Siempre pienso en esa gran entrada cuando leo estos versículos en Salmos 24. ¡Abre las puertas! ¡Me imagino que esas Puertas del Este de Jerusalén selladas se abrieron de par en par y el Rey de Reyes hizo avergonzar la entrada de Cleopatra! Qué gran entrada seguro.
¡Ábrete, puertas antiguas! Ábrete, puertas antiguas, y deja entrar al Rey de gloria. ¿Quién es el rey de la gloria? El Señor, fuerte y poderoso; El Señor, invencible en la batalla. ¡Abran, puertas antiguas! Ábrete, puertas antiguas, y deja entrar al Rey de gloria. ¿Quién es el rey de la gloria? Los ejércitos del Señor de los cielos: él es el Rey de la gloria. "Salmos 24: 7-10 NTV
¡El señor de los ejércitos de ángeles! Qué descripción tan sorprendente, ¿verdad? ¿Pero crees que quizás David haya estado hablando de las puertas de nuestros corazones? Los versos justo antes de esto parecen indicar una caminata más personal con Dios, algo que tal vez estamos haciendo en lugar de mirar.

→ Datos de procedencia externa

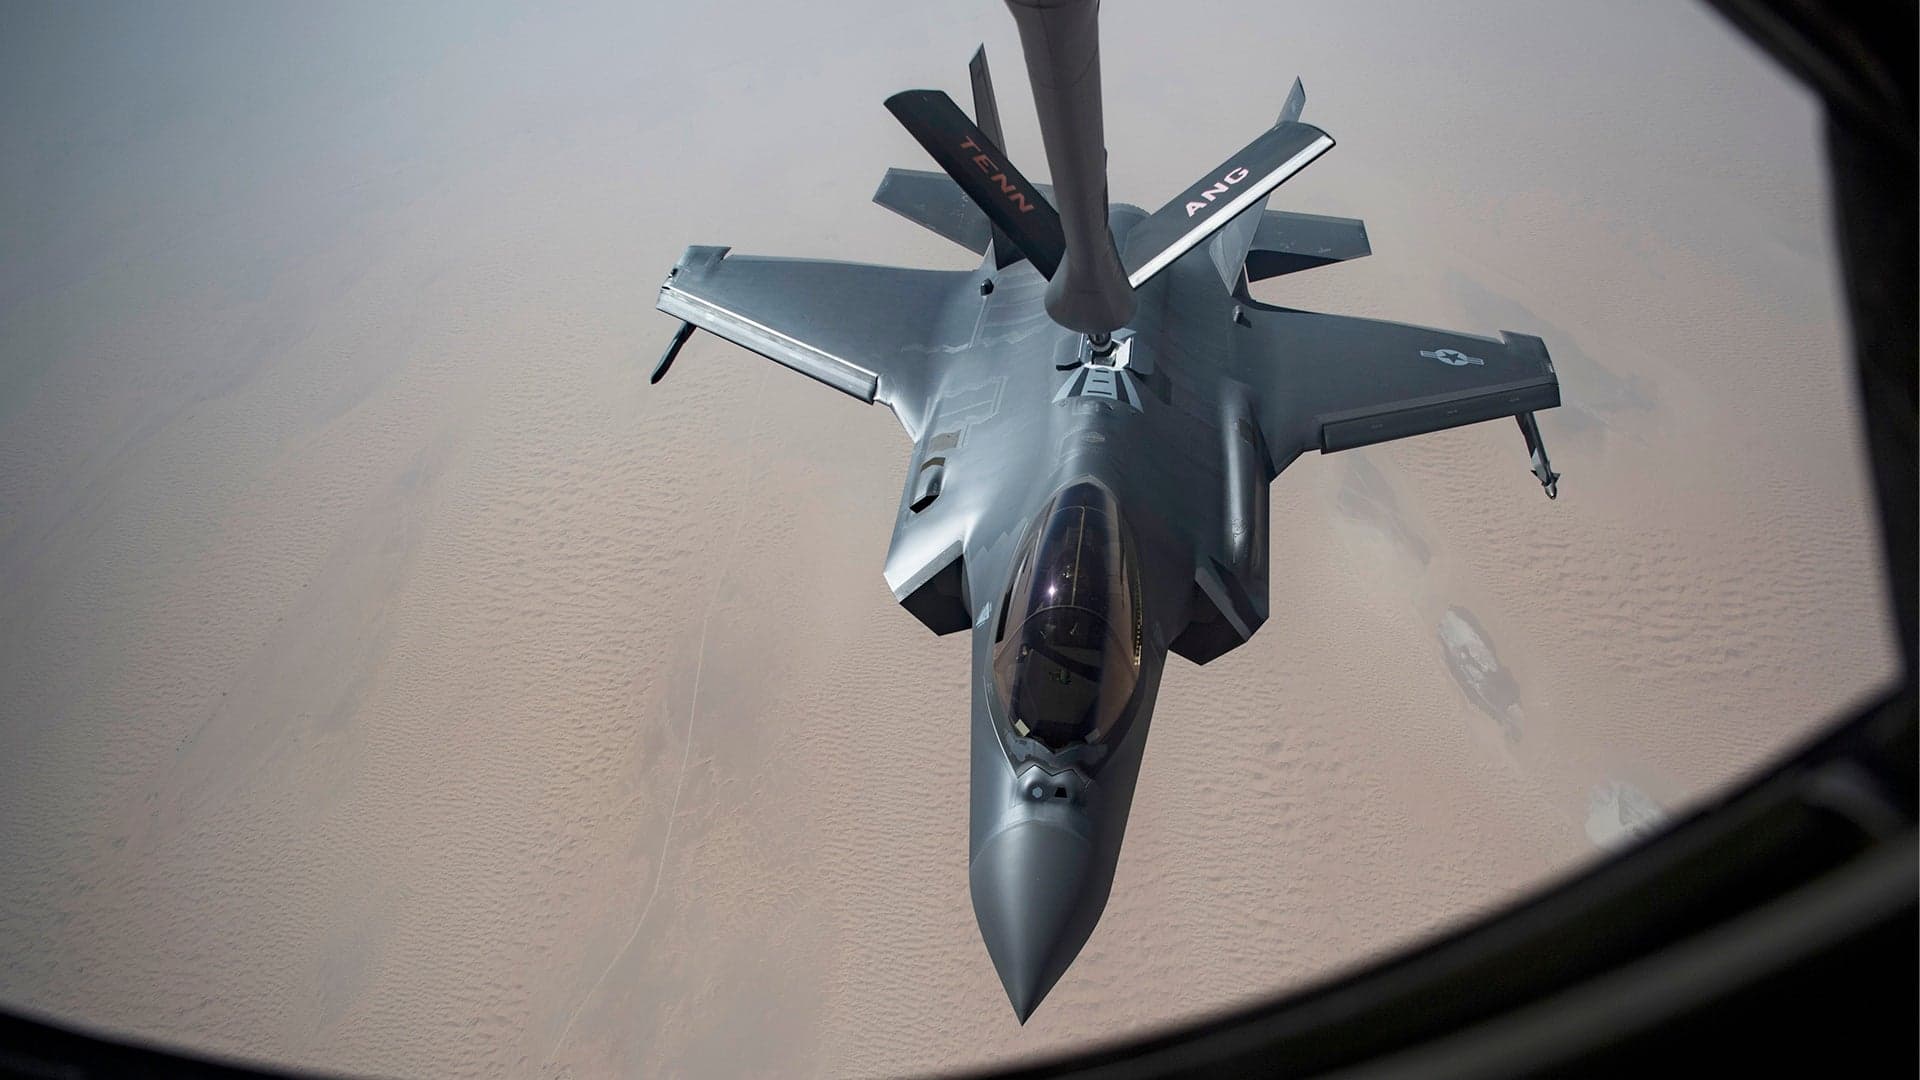 F-35A Pictured On “Deterrence Mission” Over Middle East With Peculiar Single Missile Loadout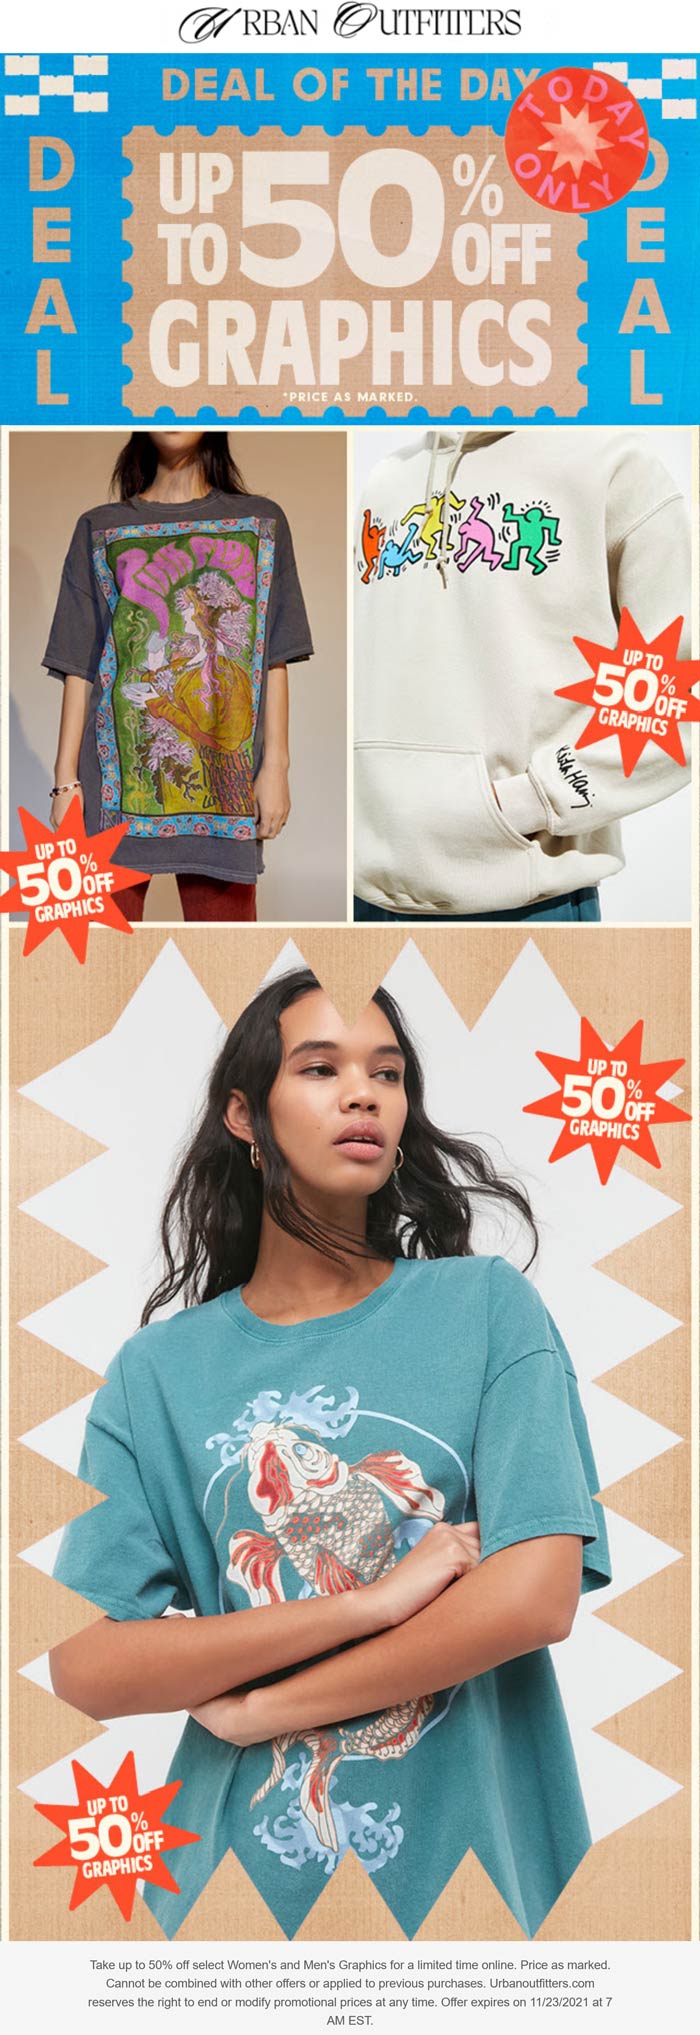 Urban Outfitters stores Coupon  50% off most graphics today at Urban Outfitters #urbanoutfitters

“¿Quién puede escalar la montaña del Señor? ¿Quién puede estar en su lugar santo? Solo aquellos cuyas manos y corazones son puros, que no adoran ídolos y nunca dicen mentiras. Recibirán la bendición del Señor y tendrán una relación correcta con Dios, su salvador. Estas personas pueden buscarte y adorarte en tu presencia, oh Dios de Jacob ”. Salmos 24: 3-6 NTV
¡Dios de Jacob, ayúdanos a asegurarnos de que nuestras puertas estén abiertas para ti! Queremos que siempre tenga una entrada en nuestros corazones, mentes y vidas. Enséñanos a mantener nuestros corazones y nuestras manos puras porque queremos recibir tu bendición y tener esa relación correcta contigo. Qué glorioso es caminar contigo todos los días. Te adoramos y nuestro deseo es acercarnos cada vez más a ti en este nuevo año. ¡Te alabamos y abrimos las puertas de par en par! Amén y amén.